▶ [SUPPLIED RECORDS]
____________
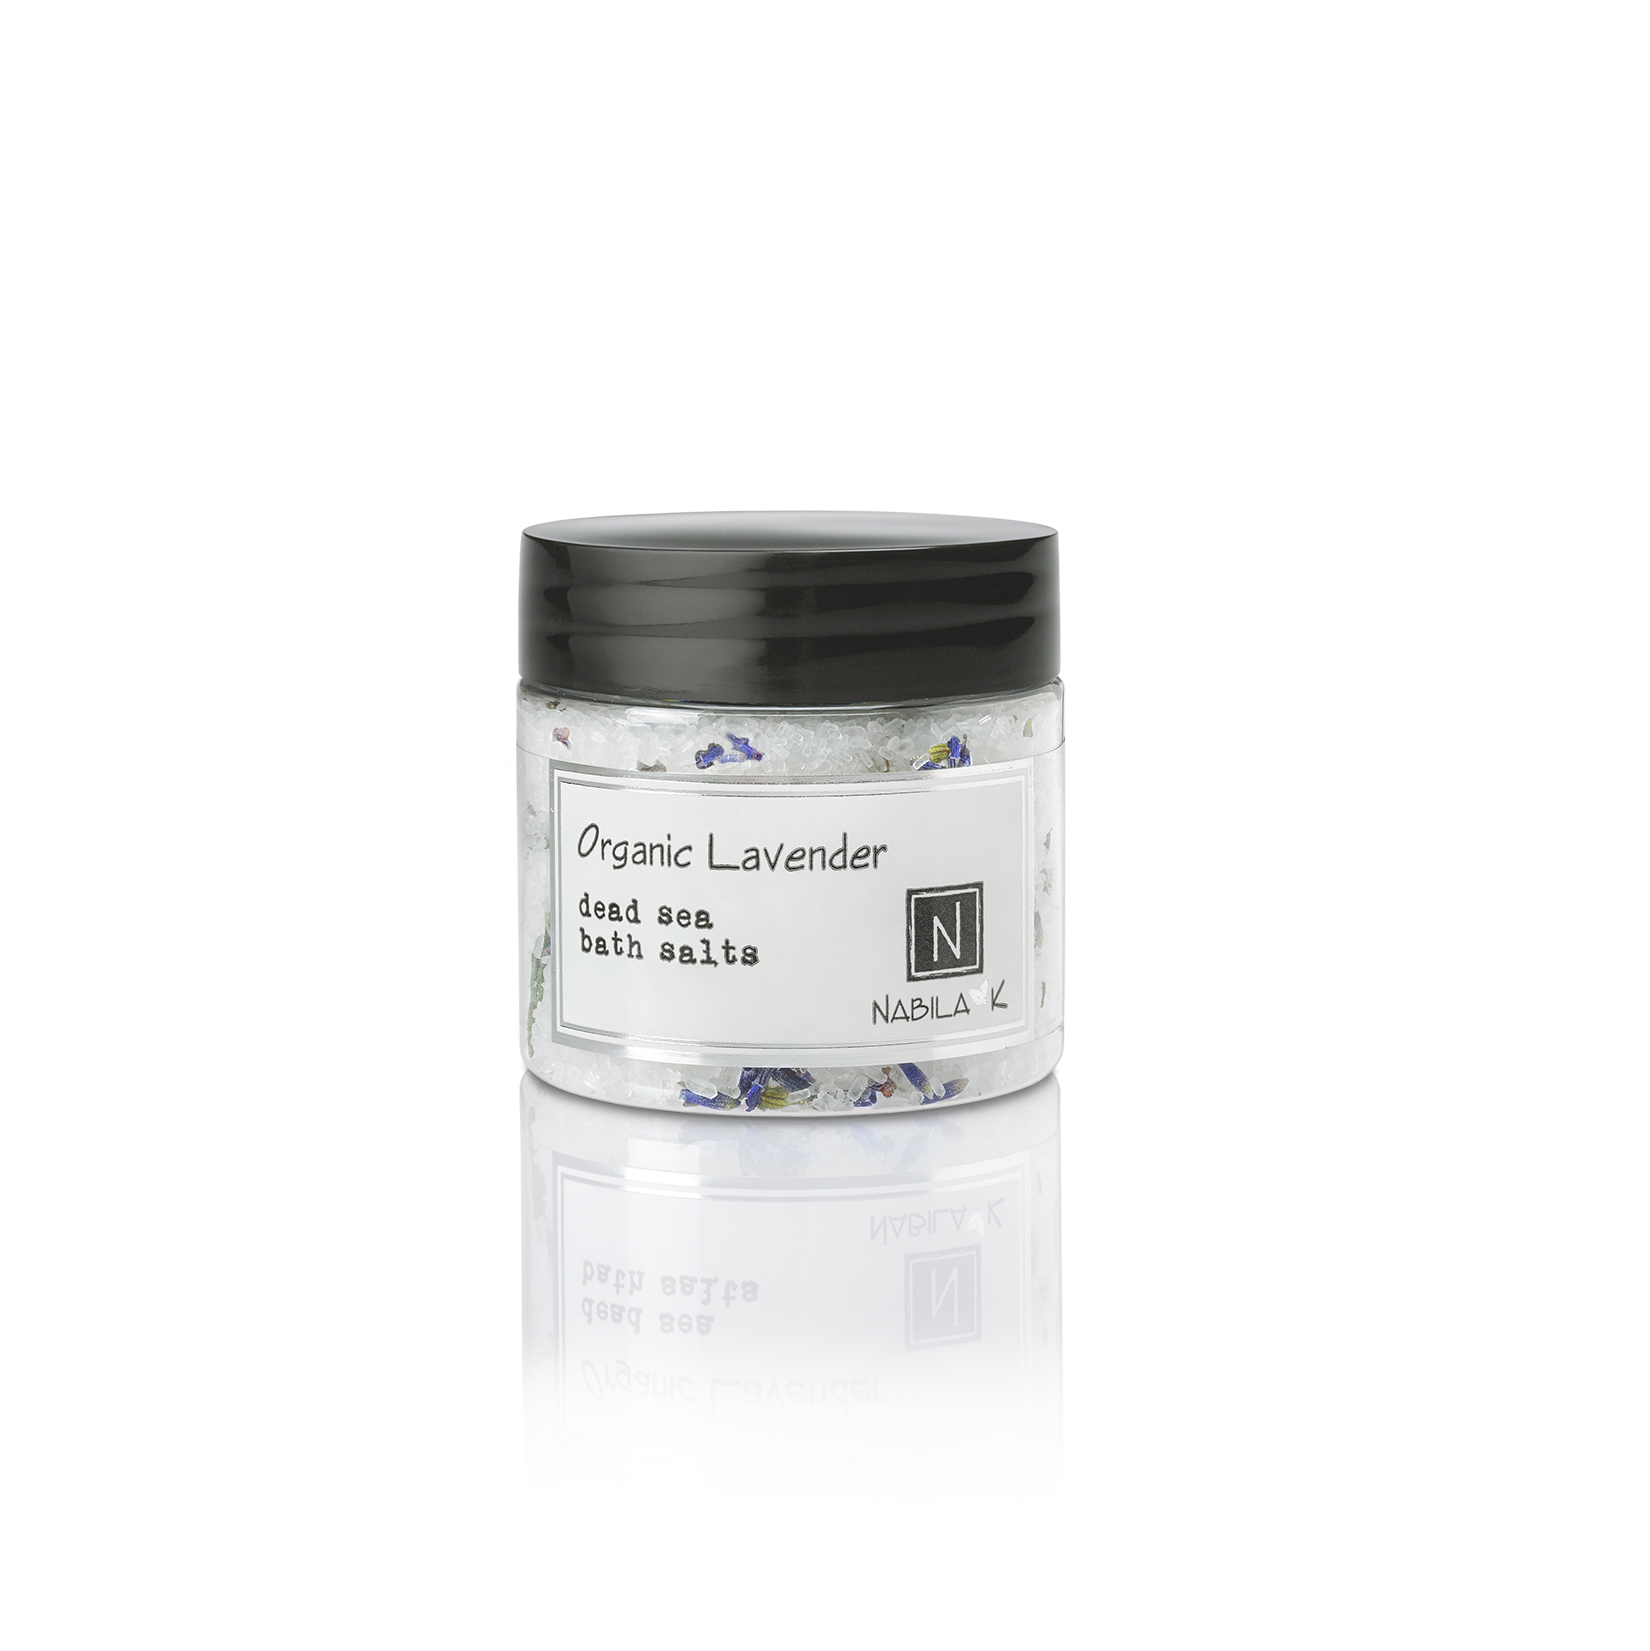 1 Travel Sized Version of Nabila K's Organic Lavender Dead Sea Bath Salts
____________
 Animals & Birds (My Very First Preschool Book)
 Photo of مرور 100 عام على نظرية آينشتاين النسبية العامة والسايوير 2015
____________
▶ [WHAT TO DO] Give the exact lines, and only those, from the line containing "Animals & Birds" through the line containing "Photo of مرور" in the entries above.

▶ [EXERCISE OUTPUT]
 Animals & Birds (My Very First Preschool Book)
 Photo of مرور 100 عام على نظرية آينشتاين النسبية العامة والسايوير 2015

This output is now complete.